Risks range from not being able to move fast enough to meet science goals, to having key capability removed because the external group has chosen either to do something completely different or change key aspects of the interfaces upon which the model depends. In the worst case, having outsourced some capability, the internal group may no longer have the capability to replace that capacity. Mainly for these reasons, large (primarily) national modelling endeavours prefer to keep as much development as possible in house. However, looking forward, it is not obvious that even large national groups have the internal resources to both keep up a production line of incremental model improvements associated with meeting near-term scientific (and/or operational) requirements and identify and take the requisite steps necessary to develop codes which can hit quality + performance + portability + productivity requirements using next generation computing, particularly when the latter is unlikely to be achievable with small steps. This is recognised in some large institutions; for example, the Met Office is investing in OASIS, NEMO, and XIOS, all of which have replaced or will replace internal developments.
If the existing incremental development method will not provide more than modest improvements in performance at very low levels of computational efficiency, how then can progress be made? We would assert that the way forward has to involve the community making better use of the collective resources and more groups utilising components, particularly infrastructure components, developed elsewhere. It is such shared libraries and tools that we see as the “spans” that will need to be utilised to cross the “chasm” of model development ahead. That said, we fully recognise the importance of competitive evolution: the optimal number of libraries and tools is not one of each; two or three might be the right answer, but it should certainly not approach N, where N is the number of large modelling groups.
We have introduced a range of such tools, libraries, and methodologies for making progress such as the identification of dwarfs, the publication of data structures, and the elements necessary to establish a comparison of coupling technologies, and to evaluate performance. Within some of that work there is a clear aim to develop and specify interfaces that can be reused in different ways (for example, the interfaces which allow GridTools to interface directly with the Atlas data structures), but many of these (and similar) projects have still mainly been developed by small groups who have not had the time, mandate, or wherewithal to publicly promulgate requests for requirements or specifications and then build to documented interfaces.

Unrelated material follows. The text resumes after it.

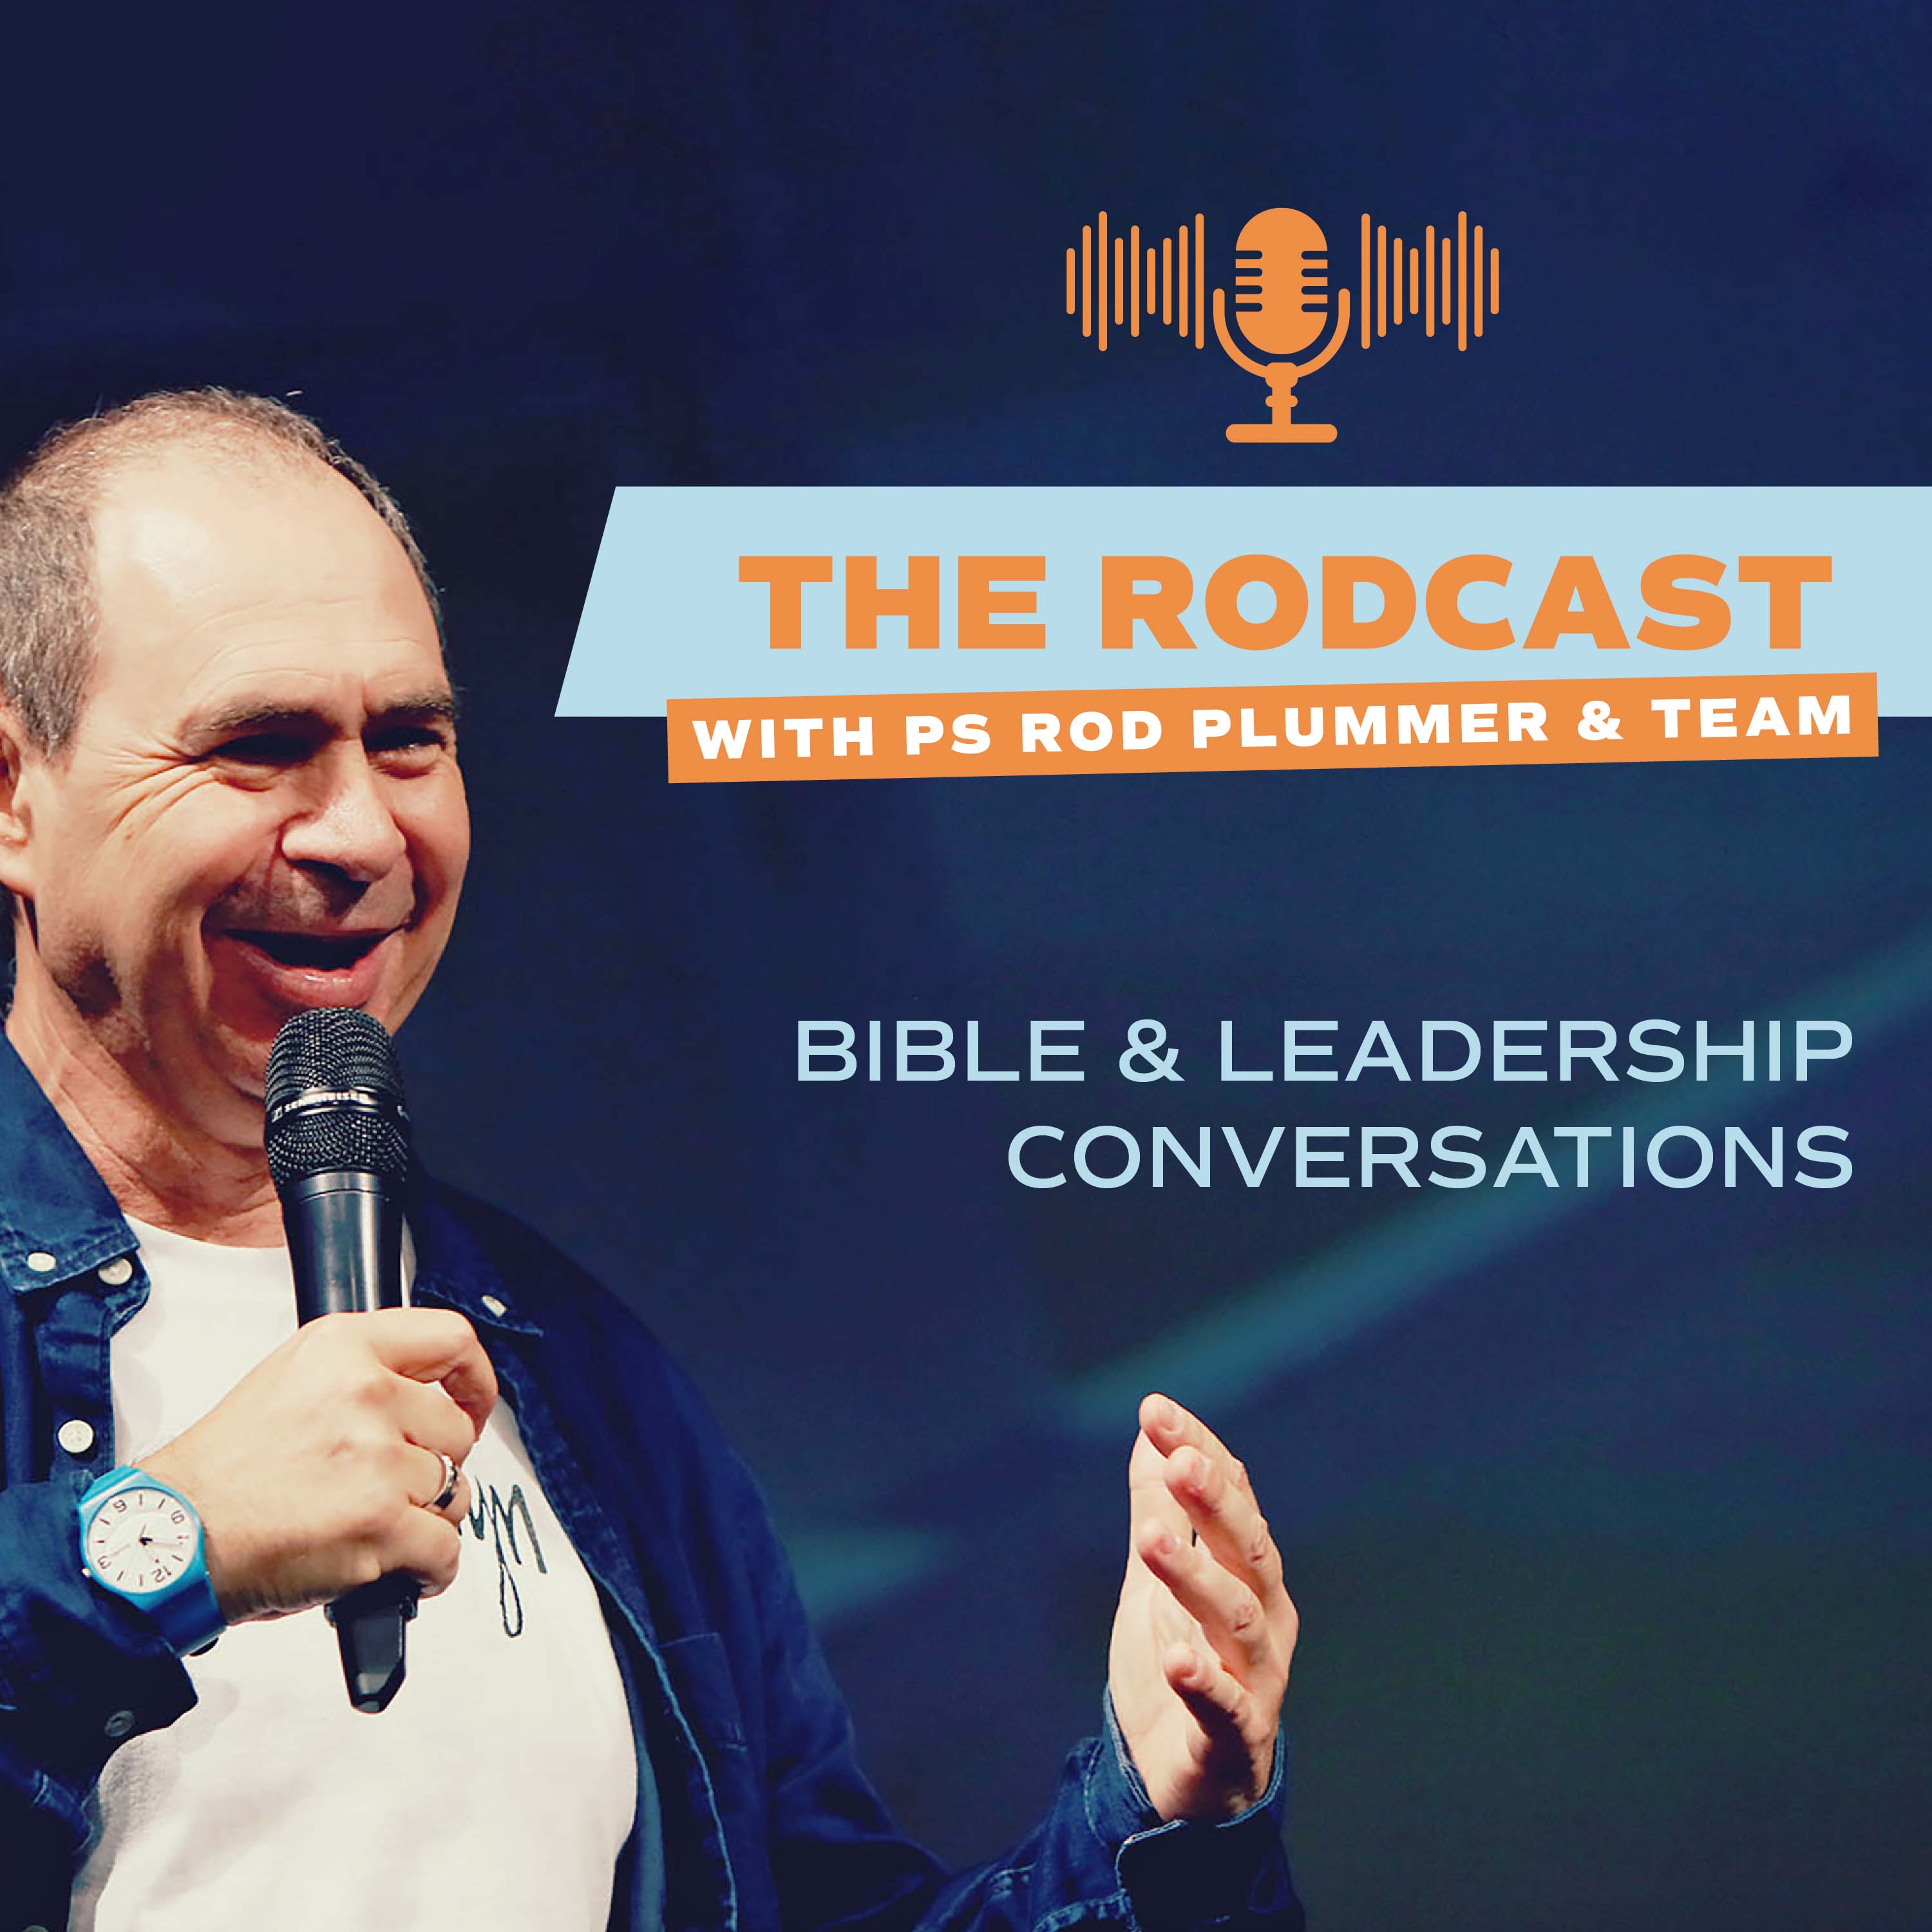 Artwork for The Rodcast, Bible & Leadership Conversations with Ps Rod Plummer and the Lifehouse Team

Progressing at the community level will require improved methods to allow the community to discuss, specify, design, develop, maintain, and document the necessary libraries and tools. The weather and climate community does not have a great track record at sharing such tools, although in recent years necessity has begun to influence practice, with tools such as OASIS becoming more prominent in more places. One of the reasons for this lack of sharing is in part the lack of a commonly deployed structured approach to sharing, specifically one that maximises the delivery of requirements while minimising risk of future technical burden – this is the sort of approach that has delivered the MPI libraries upon which nearly all of high-performance computing depends. While a fully fledged standards track is probably beyond the will of the community at this point, it is certainly possible for the community to investigate and then engage in more collaborative working.
Such steps would begin with institutions and modelling groups recognising the scale of the problem ahead and recognising the following:
business as usual, consisting of modest incremental steps, is unlikely to deliver the requisite next generation models;
they do not have enough internal resources to take the leap to the next generation alone; and, most importantly,
there are library or tool projects which they can exploit and through which they can collaborate rather than compete, some of which may be from outside the traditional communities of collaborators.
Institutions which are most likely to be able to seize these collaborative opportunities are most likely to share certain characteristics. They will do the following:
understand the issue fully at the management level, the science level, and in the infrastructure teams;
be able to reward individuals for innovation in and/or contributions to external projects;
recognise the benefit of external scrutiny and avoid situations in which they are forever arguing that their code is “not ready to share”;
have the courage to stop existing activities and pick up and use or integrate third party libraries and tools;
have the ability to recognise the cost–benefit trade-off between “doing it themselves” and contributing intellectually and financially to third party solutions; and
be ready to apply more sophisticated and complex software engineering techniques and encourage more computational science research.
Projects which would be suitable for collaborative working will share some common characteristics. They will do the following:
be open source and have an open development process,
have clear goals, scope, and where appropriate, deliver stable software interfaces,
have a mechanism to understand and respond to the timescales of collaborators (that is, some sort of governance mechanism which assimilates and responds to requirements),
potentially be able to accumulate and spend funds to provide user support, training, and documentation,
be not initially disruptive of existing solutions, and ideally
engage both the scientific community and vendors (compare with MPI for which vendor implementations are often key to enhanced MPI performance and reliability).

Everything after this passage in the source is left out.